Fig. 1: Late curvilinear phase of Central Building
Fig. 2: Earlier rectilinear phase of Central Building
Fig. 3: Tannour with flue in earlier phase of Central Building
Preliminary observation of the pottery from these Trench 10W contexts suggests that much of the occupation of these structures took place during the Sasanian period (3rd-7th centuries CE), and possibly extending into the subsequent early Islamic period (7th-8th centuries CE). Tannours (particularly on the south-eastern side of trench) in Trench 10W encountered outside of the Central and North-East Buildings may prove to date even later, up to the Ottoman period of the recent past.
Excavations in the nearby Trench 10N included ephemeral Sasanian period structures and installations, while further down, a large ‘Burned Building’ was encountered. The interior of the Burned Building has thus far been identified to have experienced two major burning events, attested by layers of broken chunks of burned orangey-red or dark brown mud and ash. Analyses of spot samples of these deposits revealed phytoliths of reeds, consistent with the suggestion that much of this burning represented roofing material of mud plaster and reed matting that had burned and collapsed during the conflagration of the building (fig. 4). The burning of this phase was heavy enough to scorch the interior face of one of the stone walls of the building, leaving many stones smoke-blackened, and turning the surface of the inner face of the pisé wall into an orange crusty layer.

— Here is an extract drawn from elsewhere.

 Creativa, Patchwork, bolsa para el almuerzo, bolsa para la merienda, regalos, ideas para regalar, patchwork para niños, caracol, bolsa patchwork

Fig. 4: Charred deposit of later phase of Burned Building
Directly below this burned layer was the floor, this being the latest of several surfaces, each distinguished by a thin, pale grey-coloured, horizontally deposited layer of flooring material.

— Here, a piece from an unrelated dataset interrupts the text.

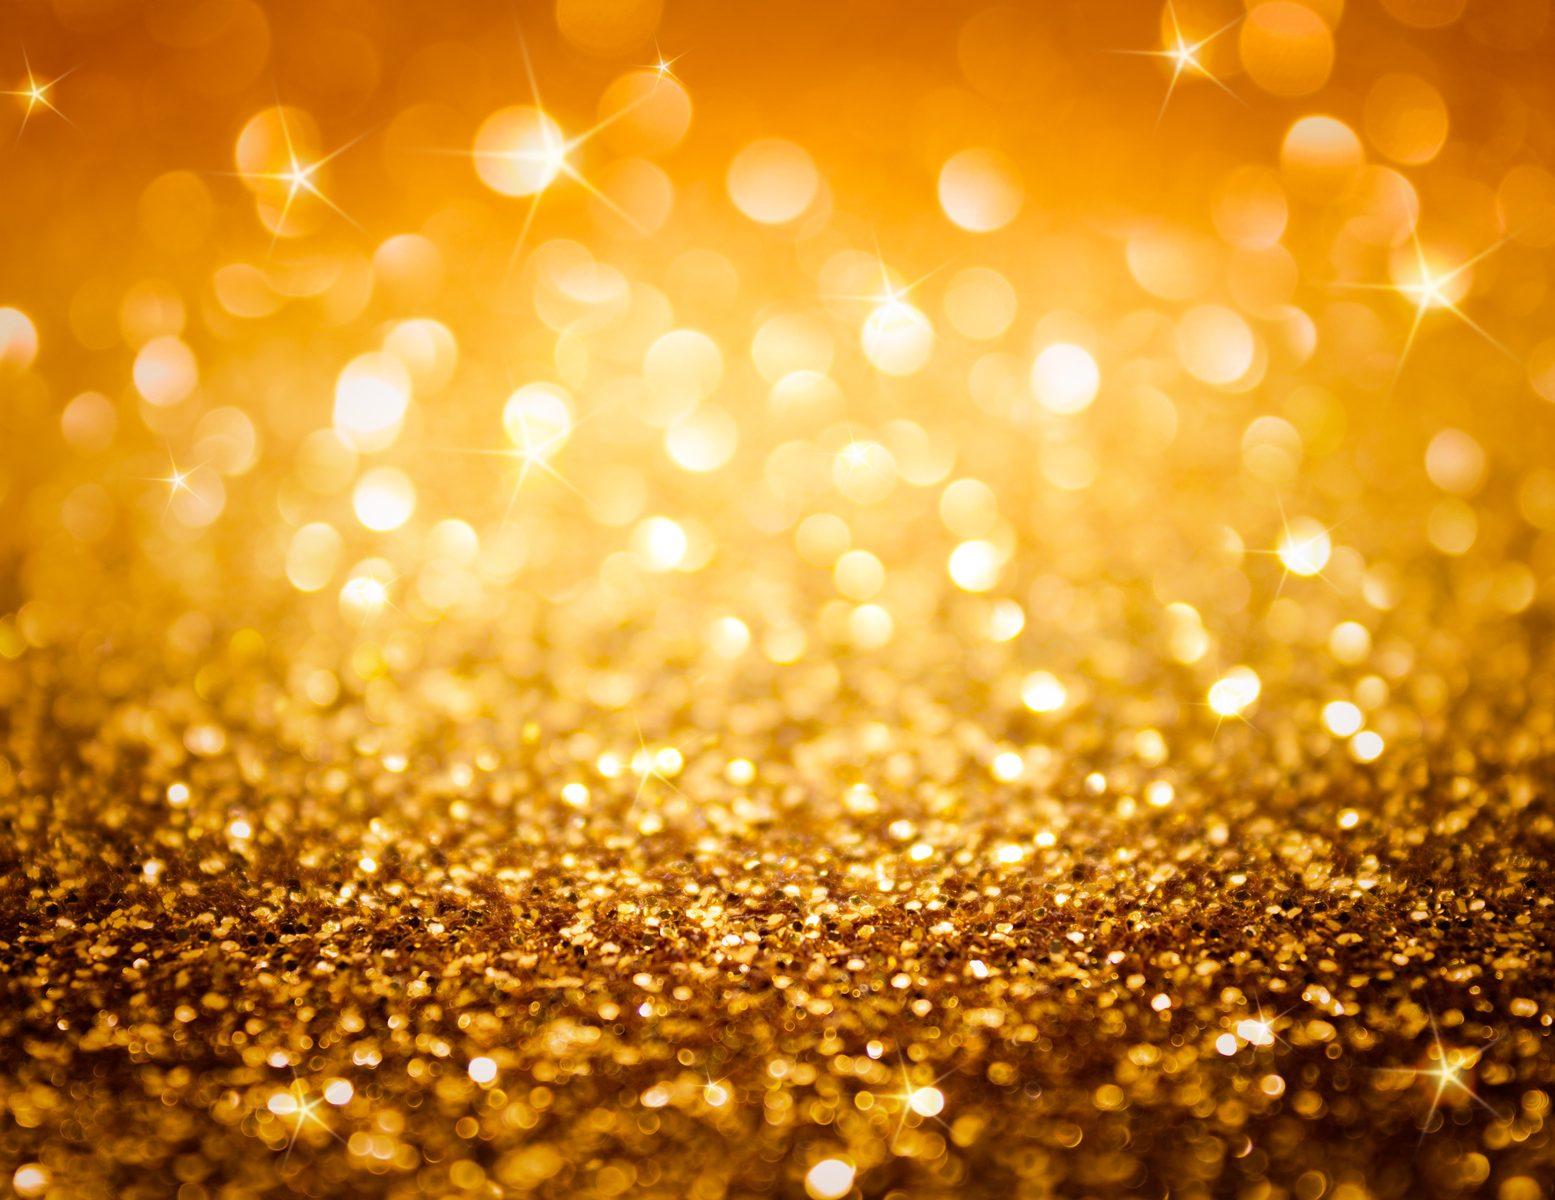 Daten - das Gold der Zukunft?

The lack of good diagnostic pottery from the Burned Building has made a precise date for its occupation and destruction difficult to establish, although judging from what meagre sherds were found, it is suggested to date to the Iron Age. It is conceivable that the destruction events in the Burned Building are contemporary with the destruction by fire of the structures encountered in Trench 14 in 2013 and 2017 to the south-east of the mound, where abundant pottery forms attest to occupation from the 7th century BCE.

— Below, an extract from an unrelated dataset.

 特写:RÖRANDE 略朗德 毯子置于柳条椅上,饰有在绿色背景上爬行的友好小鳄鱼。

In all, this was a productive season of excavations. On our days off, we enjoyed the opportunity to travel through the countryside of the Sulaymaniyah Province of Iraqi Kurdistan. In April, the hills and mountain ranges are stunningly beautiful, and they hold within them ancient tell-sites, petroglyphs and rock reliefs (e.g. that of Naram-Sin at Daband-i-Gawr and the iconic Neolithic site of Jarmo) that span thousands of years of human habitation.